■ Directions ■
In how many lines of the records does "Template" appear? Answer with one number.

(Dataset items)
══════

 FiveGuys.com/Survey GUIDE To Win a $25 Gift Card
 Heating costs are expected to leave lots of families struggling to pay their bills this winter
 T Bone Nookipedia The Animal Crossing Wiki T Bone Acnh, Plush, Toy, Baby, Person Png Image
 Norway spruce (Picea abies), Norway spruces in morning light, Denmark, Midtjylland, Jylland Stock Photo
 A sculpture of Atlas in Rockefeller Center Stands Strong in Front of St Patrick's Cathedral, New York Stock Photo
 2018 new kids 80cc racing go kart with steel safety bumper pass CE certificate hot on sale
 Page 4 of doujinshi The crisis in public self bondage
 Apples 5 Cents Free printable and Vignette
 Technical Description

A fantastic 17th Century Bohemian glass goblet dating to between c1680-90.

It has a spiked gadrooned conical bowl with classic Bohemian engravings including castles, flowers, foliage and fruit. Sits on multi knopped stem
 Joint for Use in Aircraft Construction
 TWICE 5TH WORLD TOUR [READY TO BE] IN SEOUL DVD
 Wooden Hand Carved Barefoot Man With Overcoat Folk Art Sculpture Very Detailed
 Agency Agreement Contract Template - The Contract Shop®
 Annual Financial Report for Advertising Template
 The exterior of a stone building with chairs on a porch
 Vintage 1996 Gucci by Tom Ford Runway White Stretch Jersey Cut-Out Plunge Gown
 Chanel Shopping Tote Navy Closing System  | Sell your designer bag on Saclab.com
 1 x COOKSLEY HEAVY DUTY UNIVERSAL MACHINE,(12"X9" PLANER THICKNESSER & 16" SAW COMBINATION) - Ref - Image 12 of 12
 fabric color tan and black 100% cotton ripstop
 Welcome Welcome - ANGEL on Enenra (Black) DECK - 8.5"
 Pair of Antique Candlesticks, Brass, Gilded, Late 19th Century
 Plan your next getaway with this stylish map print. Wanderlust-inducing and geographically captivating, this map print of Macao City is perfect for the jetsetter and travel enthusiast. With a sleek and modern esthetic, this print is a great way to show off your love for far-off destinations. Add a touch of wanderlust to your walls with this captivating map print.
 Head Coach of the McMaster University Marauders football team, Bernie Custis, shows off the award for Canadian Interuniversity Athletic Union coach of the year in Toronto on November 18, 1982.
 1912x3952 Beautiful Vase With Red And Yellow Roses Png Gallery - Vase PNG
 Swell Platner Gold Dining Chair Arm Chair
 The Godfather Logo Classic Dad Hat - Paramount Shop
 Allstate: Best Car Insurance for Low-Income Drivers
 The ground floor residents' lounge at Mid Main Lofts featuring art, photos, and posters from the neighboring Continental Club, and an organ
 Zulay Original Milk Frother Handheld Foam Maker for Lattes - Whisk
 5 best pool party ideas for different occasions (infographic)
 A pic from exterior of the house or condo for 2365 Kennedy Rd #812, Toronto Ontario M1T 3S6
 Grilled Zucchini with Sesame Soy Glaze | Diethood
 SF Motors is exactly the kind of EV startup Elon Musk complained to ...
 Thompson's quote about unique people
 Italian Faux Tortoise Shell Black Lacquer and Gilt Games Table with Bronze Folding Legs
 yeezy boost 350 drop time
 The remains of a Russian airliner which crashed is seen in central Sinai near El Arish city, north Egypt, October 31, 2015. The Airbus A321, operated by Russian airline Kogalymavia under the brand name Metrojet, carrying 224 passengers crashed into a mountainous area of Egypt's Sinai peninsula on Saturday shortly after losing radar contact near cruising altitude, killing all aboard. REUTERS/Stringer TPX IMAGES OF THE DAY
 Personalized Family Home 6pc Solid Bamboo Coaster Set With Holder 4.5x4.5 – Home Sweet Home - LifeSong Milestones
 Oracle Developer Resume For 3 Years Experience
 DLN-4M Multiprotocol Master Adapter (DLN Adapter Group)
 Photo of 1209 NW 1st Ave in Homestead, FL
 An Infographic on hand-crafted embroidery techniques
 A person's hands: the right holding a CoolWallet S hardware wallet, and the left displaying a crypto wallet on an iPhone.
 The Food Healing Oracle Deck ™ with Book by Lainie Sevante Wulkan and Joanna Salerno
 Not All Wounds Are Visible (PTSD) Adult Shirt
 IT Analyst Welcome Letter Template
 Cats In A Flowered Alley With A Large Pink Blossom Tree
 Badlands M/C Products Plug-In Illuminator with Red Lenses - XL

══════

■ Reply to the task ■
3